ChanServ changed the topic of #picolisp to: PicoLisp language | Channel Log: https://irclog.whitequark.org/picolisp/ | Check also http://www.picolisp.com for more information
xkapastel has quit [Quit: Connection closed for inactivity]
Phoenixwater[m] has left #picolisp [#picolisp]
<Regenaxer> I don't want to implement those huge unicode tables for 'uppc' and 'lowc' again for pil21
<Regenaxer> Now I'm very surprised to see that there seems no portable way (i.e. a C function)

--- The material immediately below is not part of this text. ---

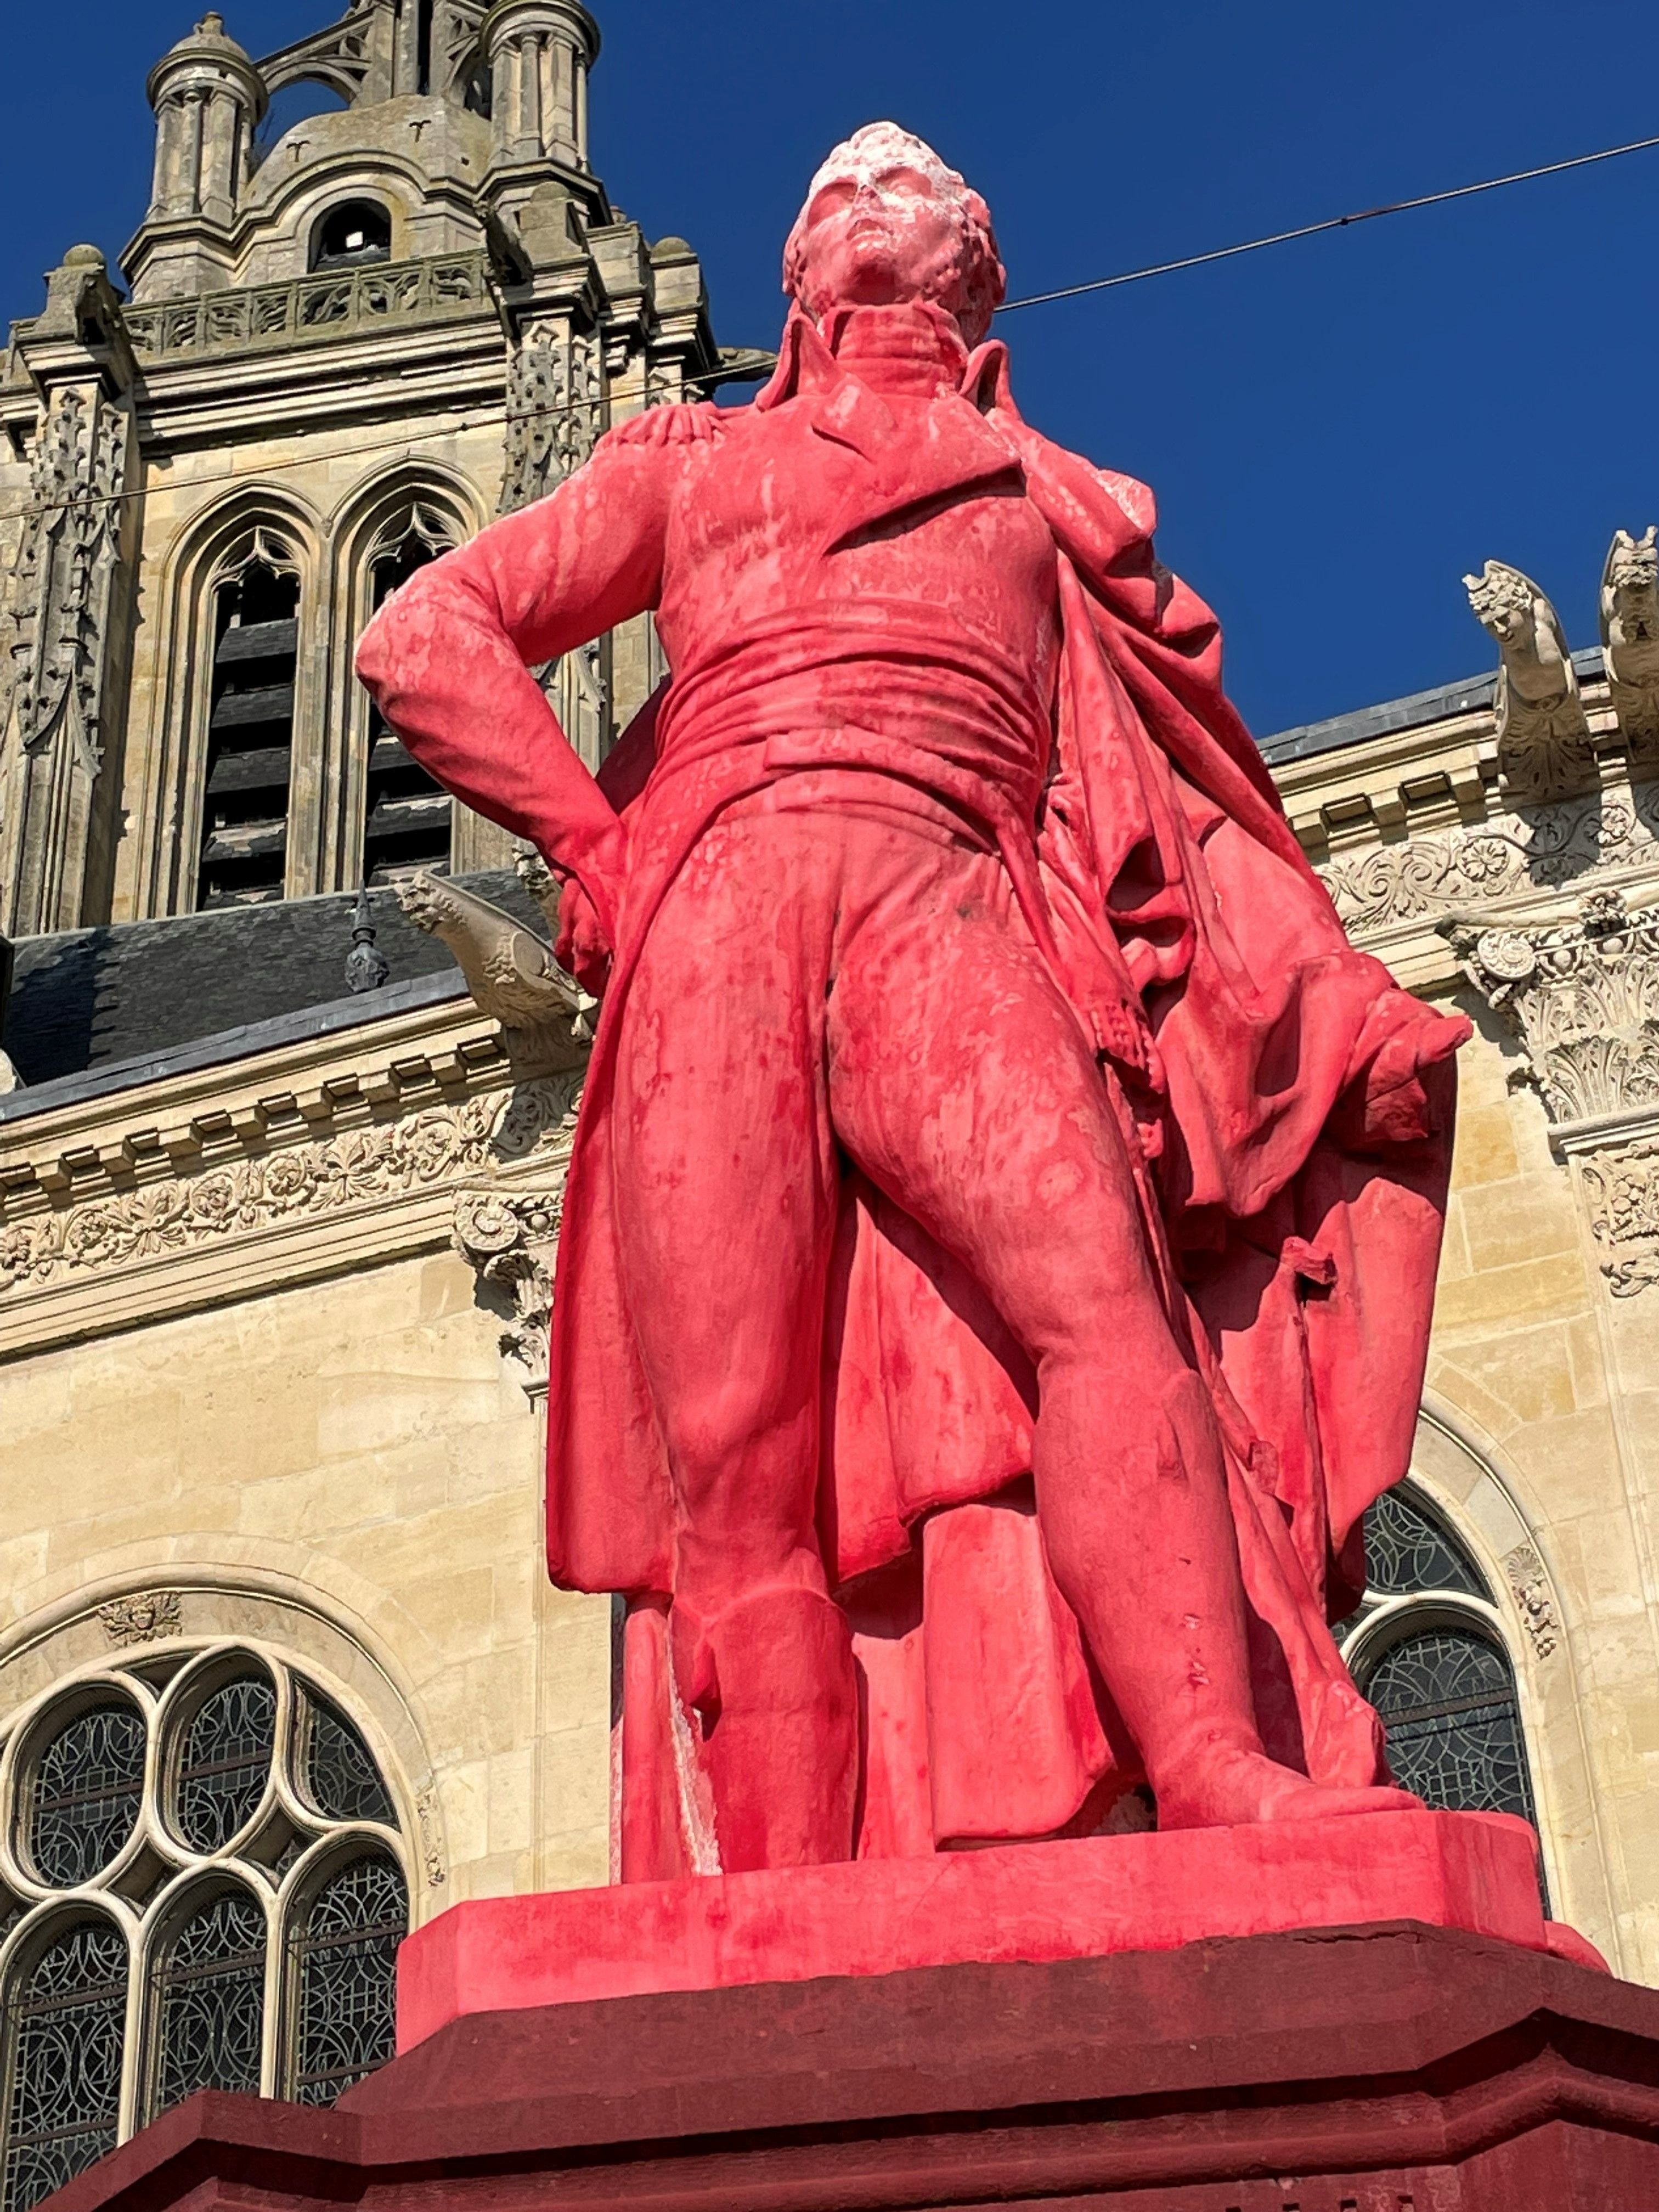 La statue du général Charles Victoire Emmanuel Leclerc, à Pontoise, a été recouverte de peinture rouge par un commando, qui voulait sans doute évoquer le rouge du sang versé par ce proche de Bonaparte sur l'île de Saint-Domingue. DR

<Regenaxer> At least it seems overkill
<Regenaxer> Sigh
<tankf33der> i think you should generate tables once in different file(s) and just use it
<Regenaxer> The problem is that I don't understand this case conversion
<tankf33der> but this is already done in src64, right?
<Regenaxer> for example, there is now support for uppercase ß (german s) in unicode
<Regenaxer> yes, but not correct now
<Regenaxer> needs to update for upper case ß
<Regenaxer> How to do it?
<Regenaxer> I don't want to maintain such stuff too
<tankf33der> i see
<Regenaxer> Really surprising why there is no standard support
<Regenaxer> C only has toupper/tolower for ascii or wide chars
<Regenaxer> not for utf8
<Regenaxer> I don't even find a clear description of the algorithm how to do *correct* case conversion in UTF-8
<Regenaxer> Unicode consortium
<Regenaxer> all very confusing
<Regenaxer> What do you think about the above glib?
<Regenaxer> portable?
<Regenaxer> overkill?
<Regenaxer> It supports tons of functions
<Regenaxer> I have to link them all into pil just to get uppc and lowc
<tankf33der> i belive you should not link to glib
<tankf33der> or musl
<Regenaxer> What I really want is up-to-date tables plus a clear description how to handle them
<Regenaxer> yeah
<tankf33der> let me check myrlang implementation
<Regenaxer> myrlang?
<tankf33der> yea
<tankf33der> language no one cares, as usual
<Regenaxer> Myrddin?
<tankf33der> yea
<tankf33der> i seen somewhere tables and thought picolisp have the same
<Regenaxer> I took them from some free Java project
<Regenaxer> 25 years ago or so
<Regenaxer> "Kaffee" project
<Regenaxer> But I never understood those tables
<Regenaxer> GNU Kaffe Project
<Regenaxer> (see comment in src/sym.c)
<Regenaxer> I could easily convert them to pil21 syntax
<Regenaxer> no problem
<Regenaxer> But how to handle new things*
<Regenaxer> ?
<Regenaxer> I could even just copy/paste from pico/src/sym.c to pil21/src/lib.c
<Regenaxer> But I don't like this
<Regenaxer> Having to roll everything yourself for such a standard thing like utf8
<Regenaxer> stupid
<tankf33der> found
<Regenaxer> How do we know these tables and algos are correct, or better than src/sym.c?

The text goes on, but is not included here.